Migration ordering. Key encryption keys (KEKs) need to be migrated to post-quantum before data encryption keys, because a quantum attacker who breaks a long-lived KEK retrospectively decrypts every DEK it has wrapped. Signing keys for long-lived signatures (firmware signing, root CA signing) need migration earlier than session-signing keys.

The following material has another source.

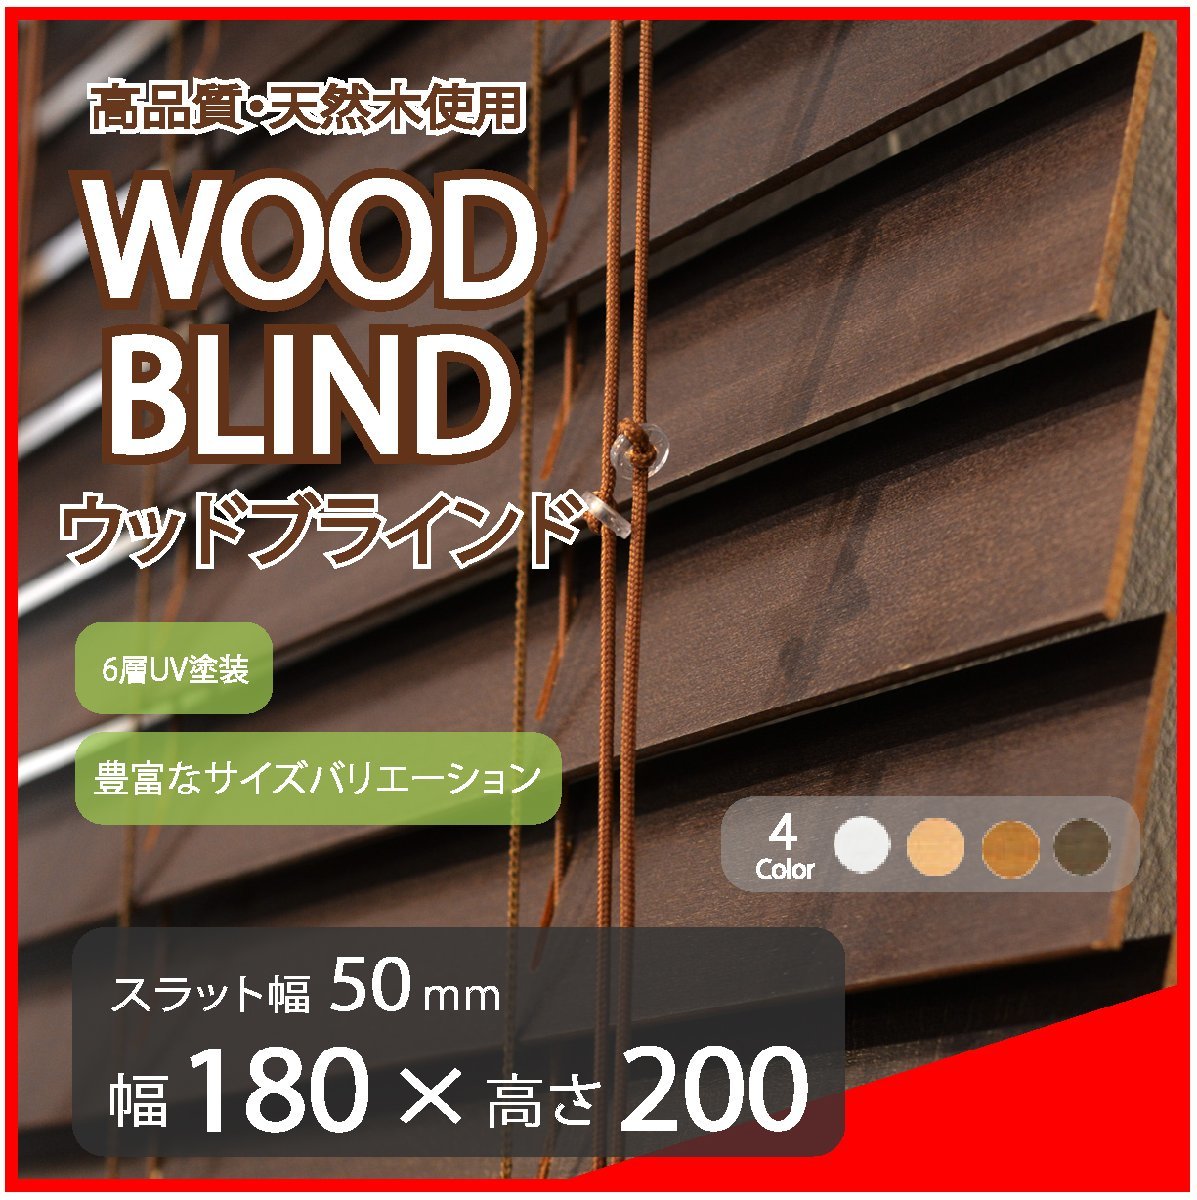 高品質 ウッドブラインド 木製 ブラインド 既成サイズ スラット(羽根)幅50mm 幅180cm×高さ200cm ダーク

The cryptographic libraries (BoringSSL, OpenSSL 3.5+, the Go and Rust crypto ecosystems) are adding post-quantum support through 2025-2027. The cloud KMSes are adding ML-KEM and ML-DSA support on similar timelines. The Quantum Computing page on this site goes deeper into the algorithm choices and the engineering tradeoffs.

Standards and references

  • NIST SP 800-57 Part 1, Part 2, Part 3 — comprehensive key management guidance.
  • NIST SP 800-130 — Framework for Designing Cryptographic Key Management Systems.
  • NIST SP 800-131A — Transitions: Recommendation for Transitioning the Use of Cryptographic Algorithms and Key Lengths.
  • FIPS 140-3 — Security Requirements for Cryptographic Modules.
  • PCI DSS v4.0 Requirement 3 — Protection of stored cardholder data.
  • RFC 4949 — Internet Security Glossary.
  • PKCS#11 v3.1 — the HSM API standard.
  • CMC (Cryptographic Module Validation Program) — the NIST program that validates FIPS 140-3 compliance.

What to actually use in 2026

For new systems, the practical recommendations:

  • For cloud-deployed applications: use the cloud provider’s KMS (AWS KMS, Google Cloud KMS, Azure Key Vault with the HSM tier). Use envelope encryption for bulk data. Use customer-managed keys with automated rotation. Use IAM to scope access narrowly. Enable comprehensive audit logging from day one.
  • For on-premises or hybrid systems: use a network-attached HSM (Thales Luna, Entrust nShield, or equivalent) for high-value keys, with proper cluster operation and key escrow. Use the OS keychain for user-level credentials and application secrets. Avoid filesystem-stored keys for anything that should outlive a single workload.
  • For service-to-service authentication: mTLS with per-service certificates managed by a service mesh or by cert-manager. Rotate certificates frequently (24 hours to 7 days is typical). Use SPIFFE/SPIRE for identity if the architecture supports it.
  • For developer workstations: hardware security keys (YubiKey, Google Titan, Nitrokey, Solokey) for SSH and signing operations. Keys generated on the hardware should never leave it. Backup keys for disaster recovery should be stored offline.
  • For high-value root signing keys: threshold signing schemes if the operational rate is low enough to tolerate the performance cost; HSM-held keys with quorum-controlled access otherwise. Document the recovery process and rehearse it.
  • For password-based key management: Argon2id with appropriate parameters (covered in the Hash Functions and MACs page). Never use raw hash functions for password-derived keys.

Avoid: keys in source code, keys in environment variables for production systems that have better options available, keys held only in a single developer’s password manager, manually-rotated keys without orchestration tooling, keys without an inventory entry, keys without an audit log, and any key management system that depends on a specific person to function.

The cryptographic primitives have been good enough for decades. The deployments fail at the boundaries — at the moment a key crosses from a system that should protect it to a system that doesn’t. The work of key management is the work of keeping those boundaries explicit, auditable, and operationally maintainable over years. The discipline is unglamorous, the tooling is incomplete, the incidents keep happening, and there is no shortcut.